Low Blood Sugar Brain Fog
This occurs because your body is being starved of sugar and needs it to just function normally. When you body is in need to sugar, it starts to restrict some functions to prioritise getting sugar to places where it needs it. And unfortunately, the part of the brain you use for thinking, is one part that switches off. Sometimes I find myself just staring at something for 5 minutes and then I’ll start to twig that something is wrong!
You can feel extremely tired recovering from a hypo due to the rush of adrenaline exiting your body, sometimes you can feel your body takes so much longer catching up with you when recovering after a hypo. This is because of the hormones trying to return to normal after the hypo.

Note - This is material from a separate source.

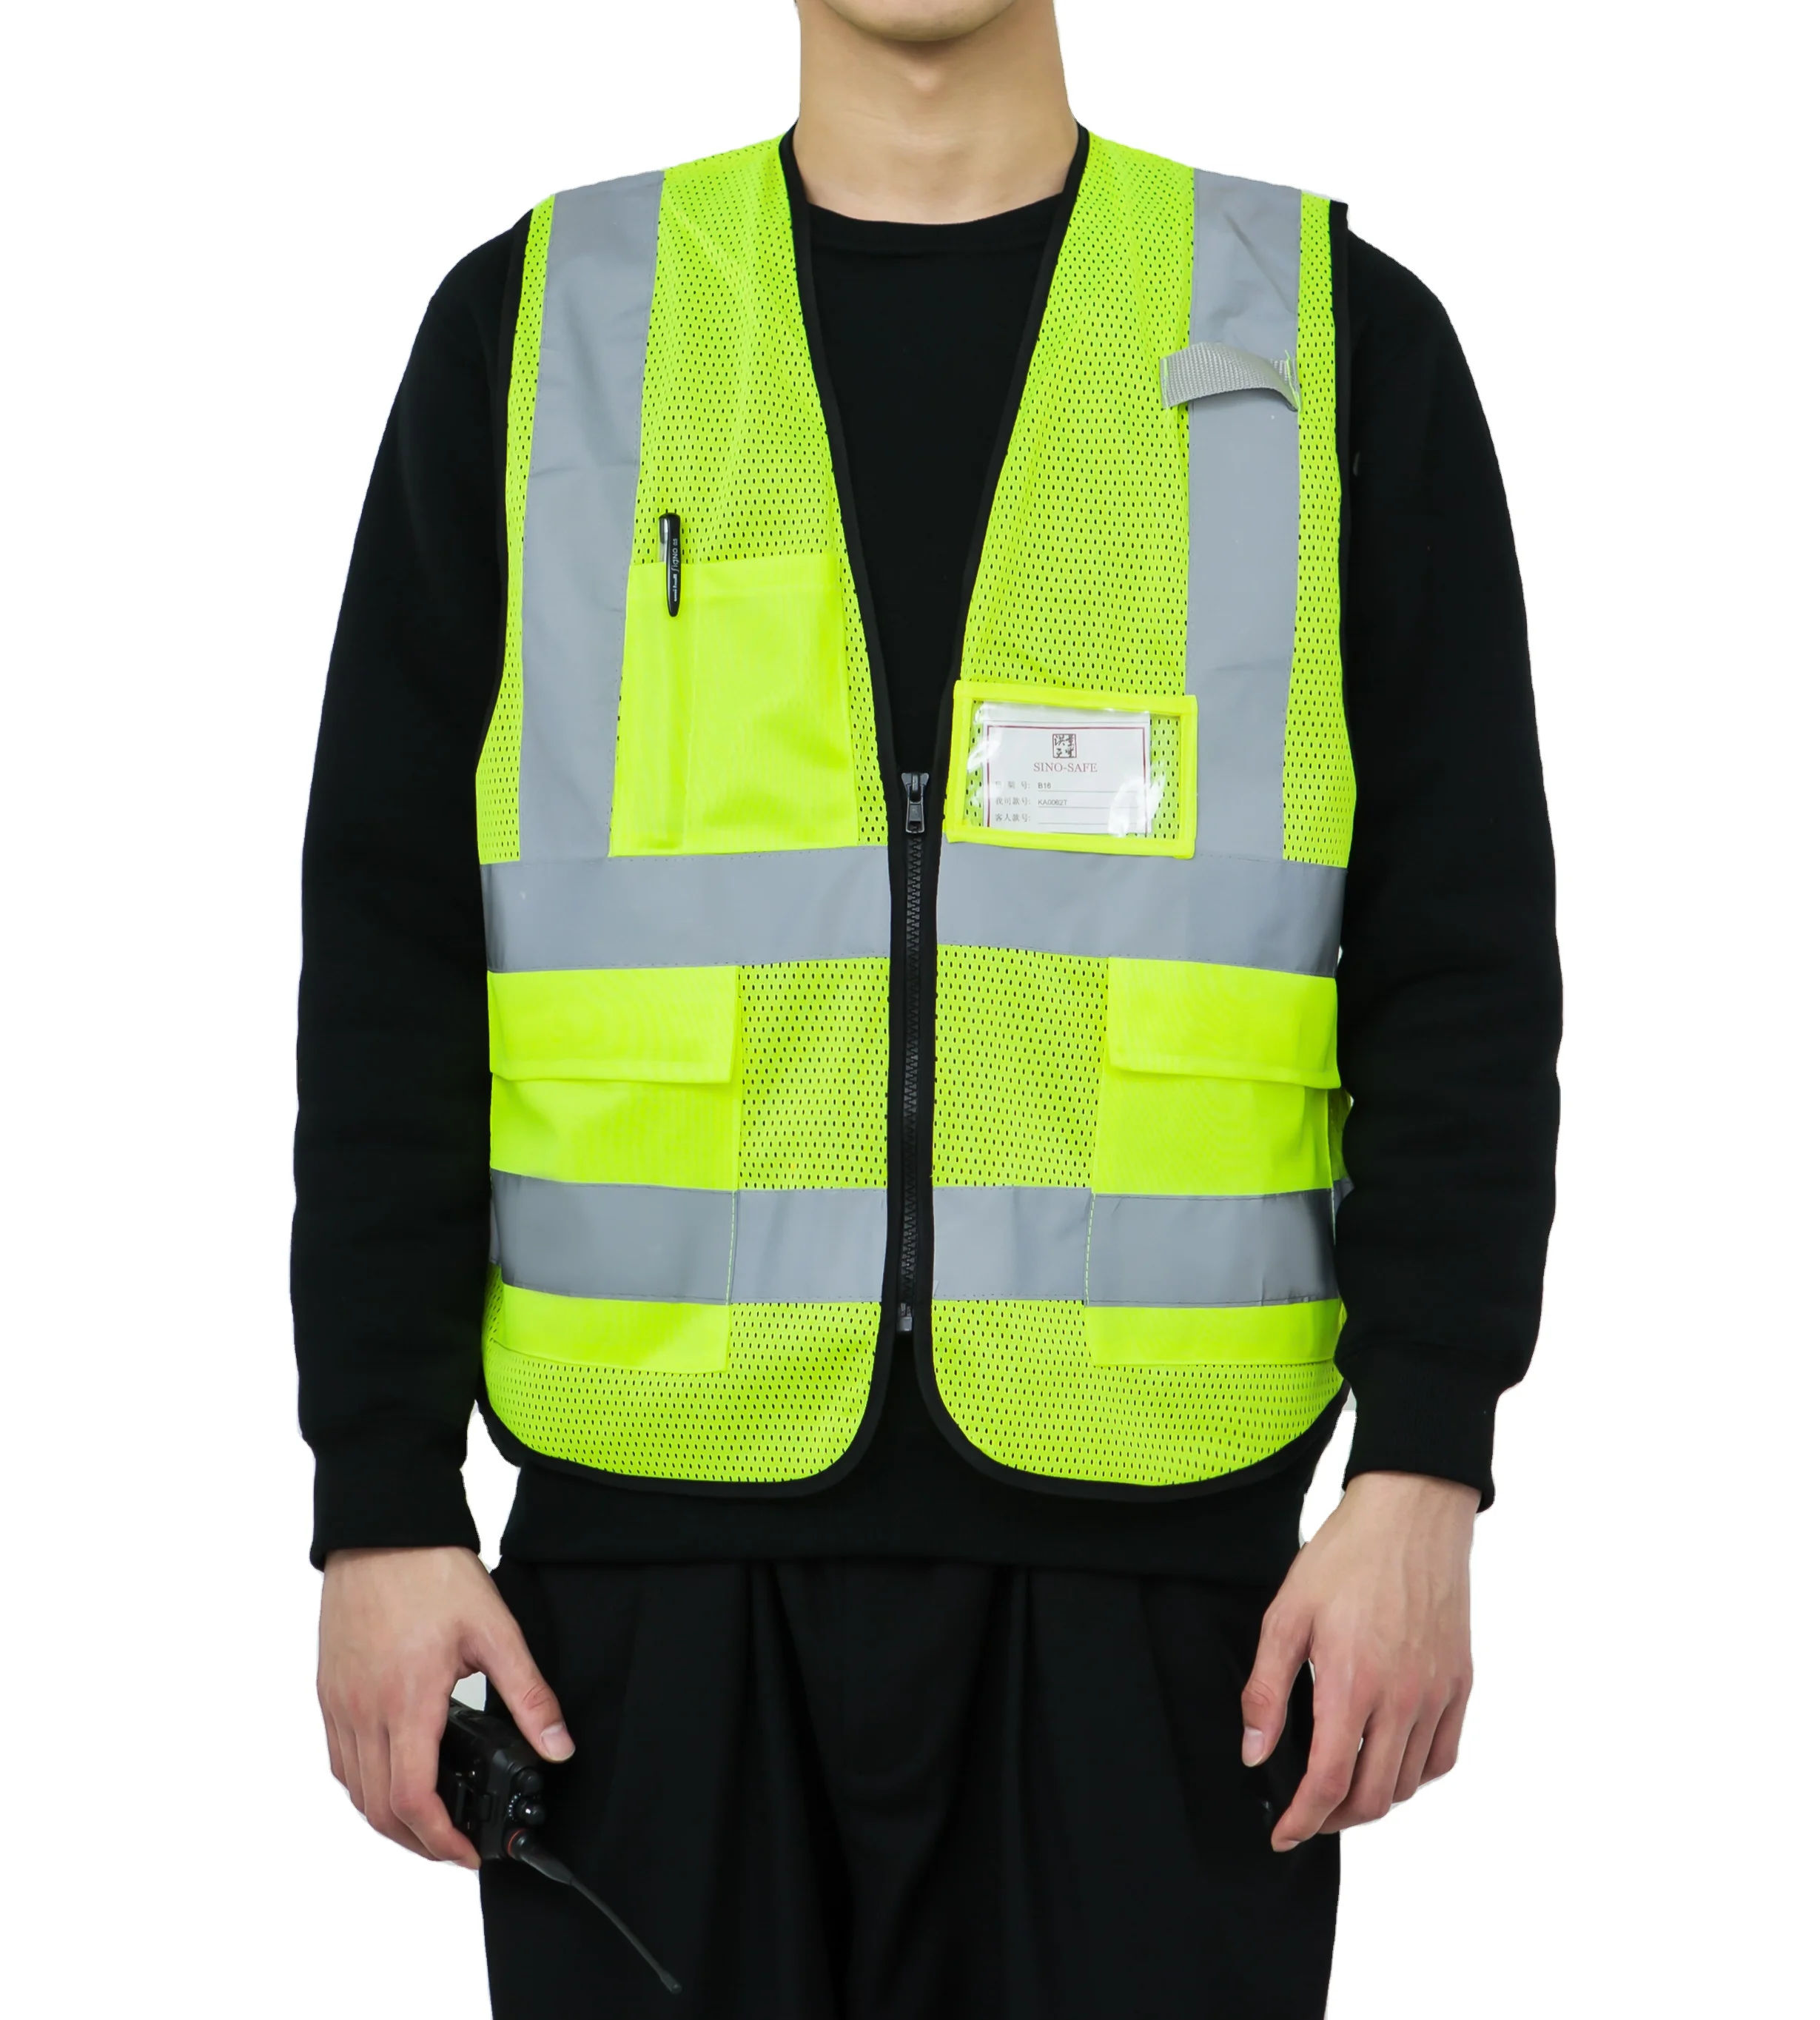 Safety Marshal Hi-Vis High Visibility Vest Coat Equestrian Safety Reflective

It isn’t pleasant but as I said, unfortunately its part of diabetes. Professionals say that it can take up to 45 minutes for your body to recover from just a normal hypo. But I know myself, I do not give myself enough time to make sure my brain has caught up or I am feeling better to continue with my day. It’s not pleasant and people who do not have diabetes certainly do not think about this additional time – but saying that many diabetics do not know how long it takes for the body to recover. Within this 45-minute time frame post-hypo, the brain fog will be dissipating, and you will start to feel more like yourself!
For some tips on how to deal and cope with blood sugar brain fog, please visit:
Treatment for Brain Fog With Diabetes – the negative side effects are all listed at the top of the page as the worst case scenario, if you think overthink then I recommend reading the link above as that is a nicer read. But just to note that very few diabetics experience the side effects listed. Please scroll down to the ‘How to Cope with Brain Fog for Diabetes’.
High Blood Sugar Brain Fog
The links above refer to both types of brain fog, even though it is only classed under one umbrella term, I find personally anyway, that there is an obvious difference between the two.
The high blood sugar brain fog resembles aggression, frustration, annoyance, lack of patience, you name it. It is just as difficult to get things done when suffering from high blood sugar and high blood sugar brain fog. The reason for this is that your body is trying to reduce the excess sugar naturally (obviously it can’t do it by itself), so all your energy goes into that. You can get annoyed at the lack of concentration, the lack of ability to complete the task. And at this point I recommend taking time for yourself to sort the blood sugars out and have a very well needed break!
Your body craves the sugar and tells your brain that you haven’t got any in your system, so I know for me that’s all I think of! And sometimes I cannot resist those temptations which keep those pesky blood sugars above range.
I find when my blood sugars are high consistently, the brain fog just stays which ultimately makes everything 10x worse, leading to a burnout. The thing is diabetes isn’t just taking insulin 4 times a day or whatever. Diabetes impacts every single aspect of our lives, even the little things such as sleep. If we do not get enough sleep, we have increased insulin resistance creating higher blood sugar.
I myself am going through a rough patch with my diabetes and have been for some time, there are days where it is so much better for sure(!) but on the whole for the past 6 months I have been struggling. I experience a type of brain fog pretty much every day. At the start I tried to just work through it but overtime I have worked out that I need to give myself time and space and allow for a brain reset. Albeit sometimes this is not possible but when I can, when you can, give yourself time to feel better and help set yourself up for a bigger focus on you!